Black squid ink pasta with grilled baby squid.
To state that this black squid ink pasta is expensive is an understatement. At £3,75 per 500g it is expensive. These days, you can get some decent spaghetti for about £0,50 per 500g, so being 7.5 times more expensive this black squid ink pasta should really deliver.
Or is it a fad, a novelty, something more for the show than taste? I’ve kept the recipe simple, so I can try to taste the difference in the spaghetti.
- 100g black squid ink pasta (spaghetti)
- 3pcs baby squid (cleaned)
- 3 garlic gloves
- 2 spoons good olive oil
- salt & black pepper
- Boil the pasta according to the package instructions.
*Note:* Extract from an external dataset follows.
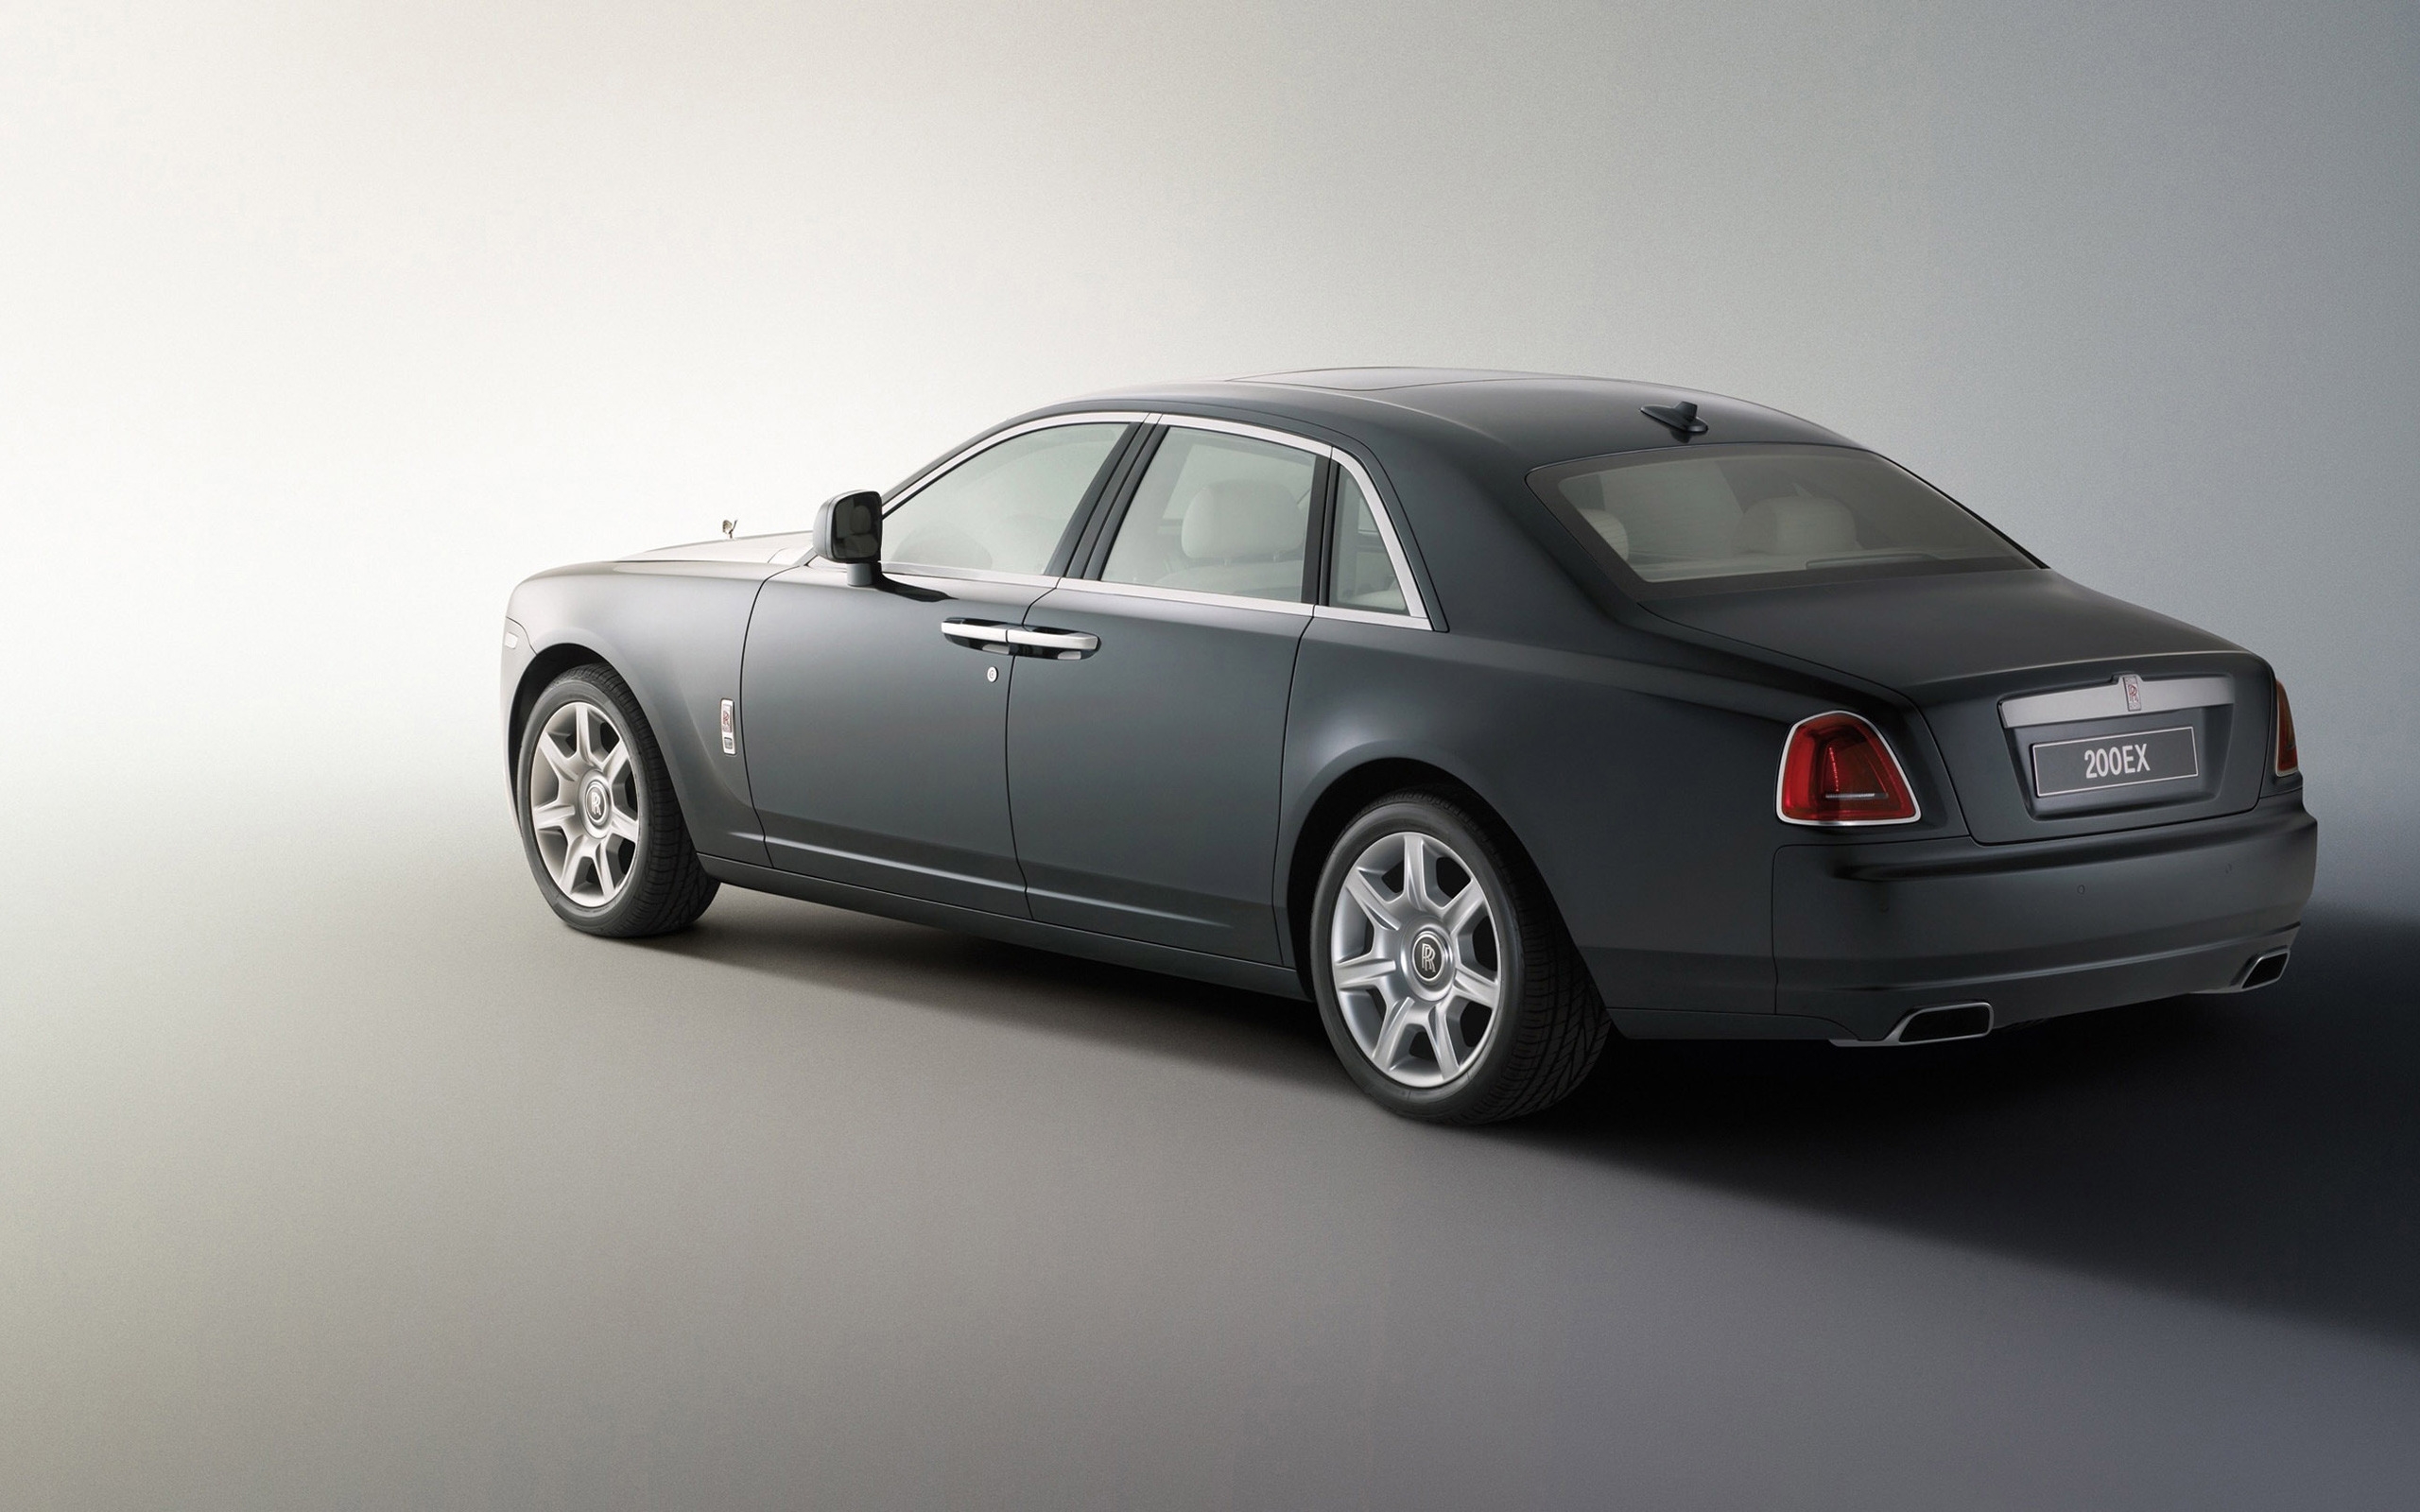 Rolls Royce 200EX for 2560 x 1600 widescreen resolution
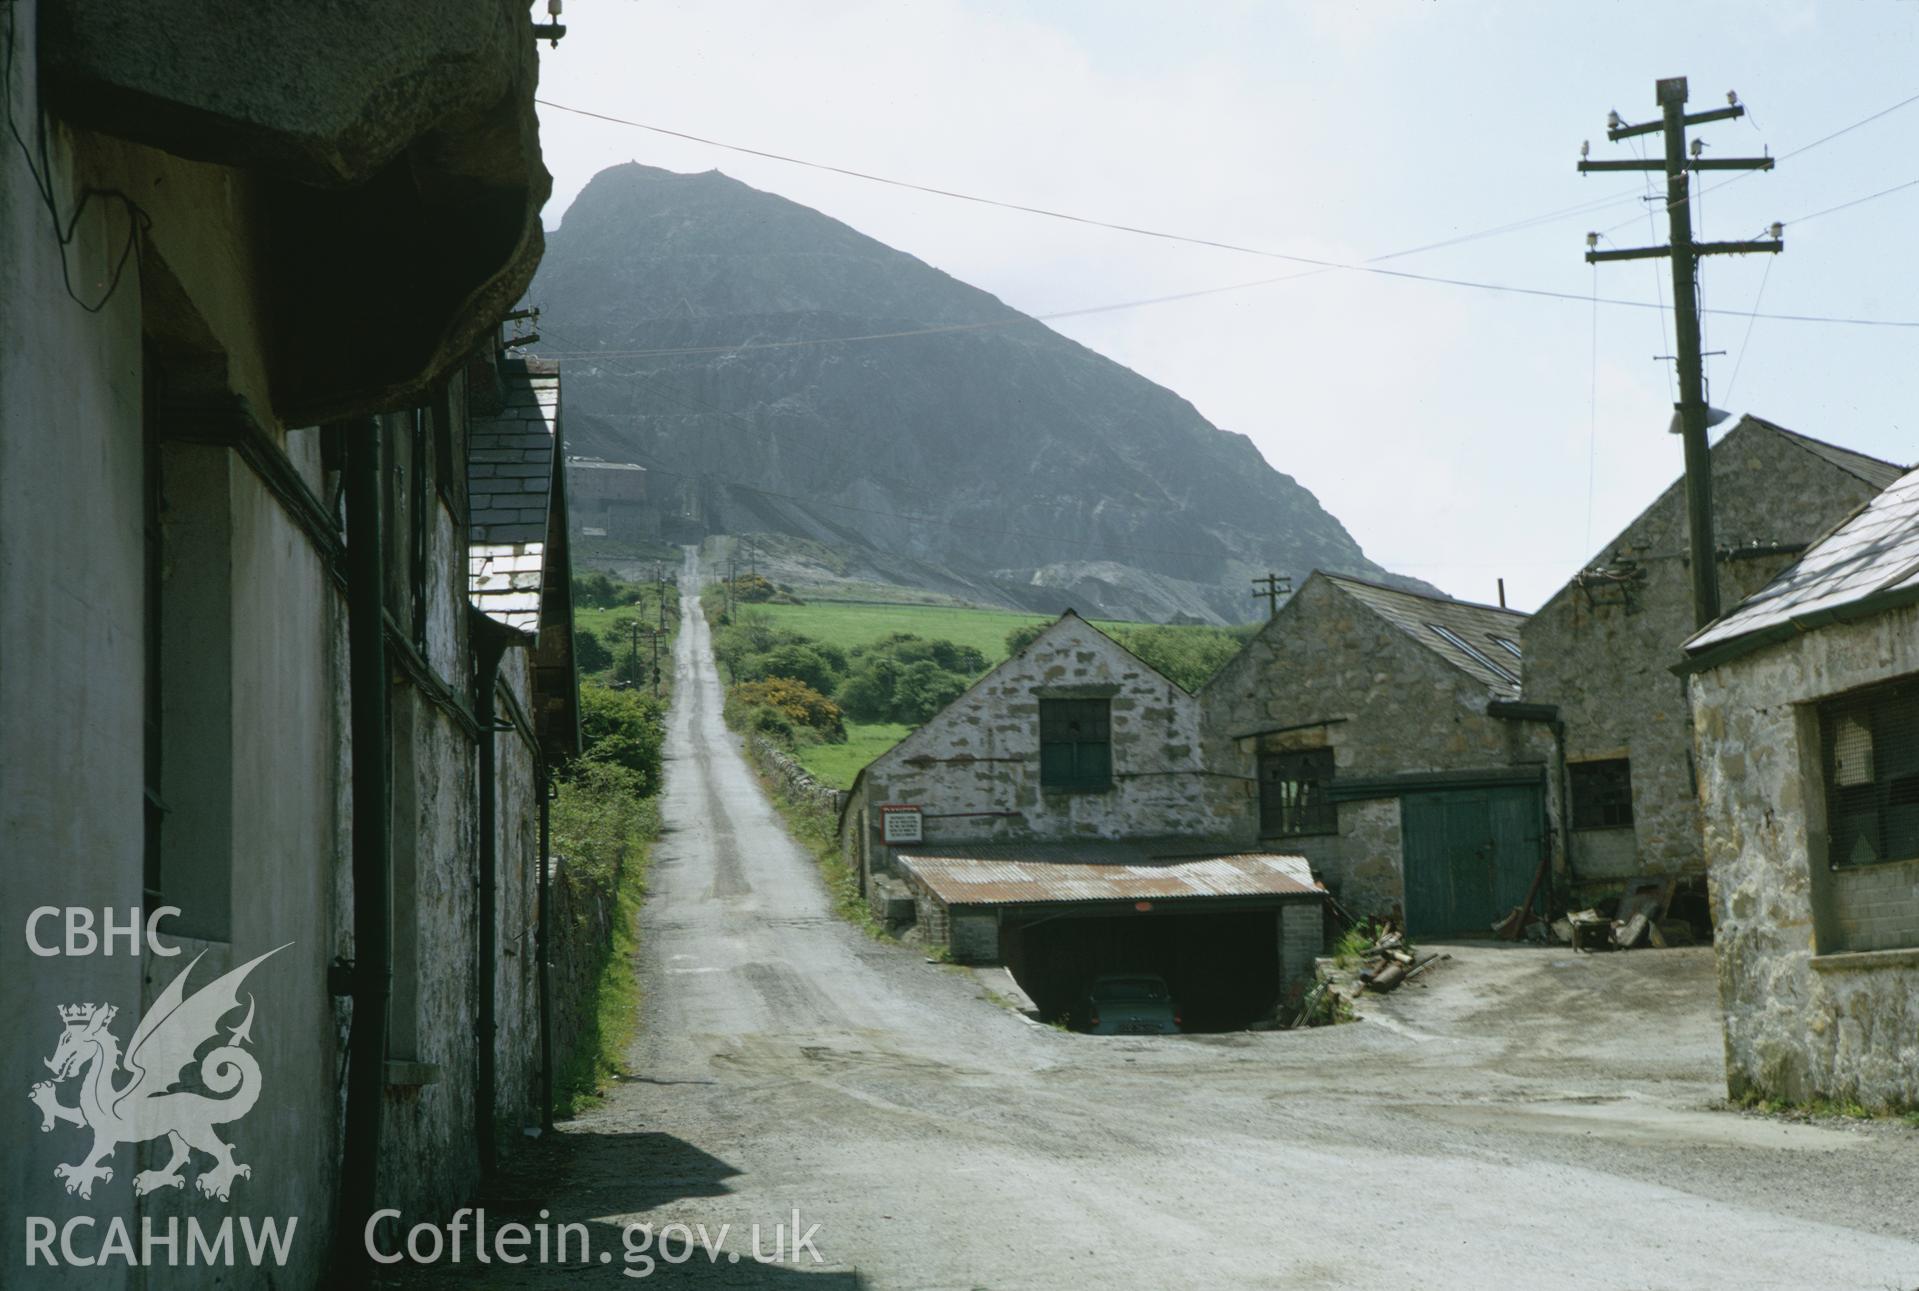 35mm colour slide showing Trefor Quarry, Caernarvonshire by Dylan Roberts.

Keep them as "al dente" or boil them as soft as you want really.
- Heat up the olive oil in a small pan and add the thinly sliced garlic, fry on a small heat until they start to catch on colour.
- Grill the baby squid, on a very hot griddle pan or bbq for 1 max 2 minutes on each side.
- Season with salt and pepper.
- Mix the oil and garlic with the hot black squid ink pasta, add the grilled squid and serve.
Tastewise? I’m not sure. I’ll give them another chance since I still have more than half a pack left. But at first impressions, I wasn’t too impressed. At least not 7.5 times more impressed than a decent pack of spaghetti.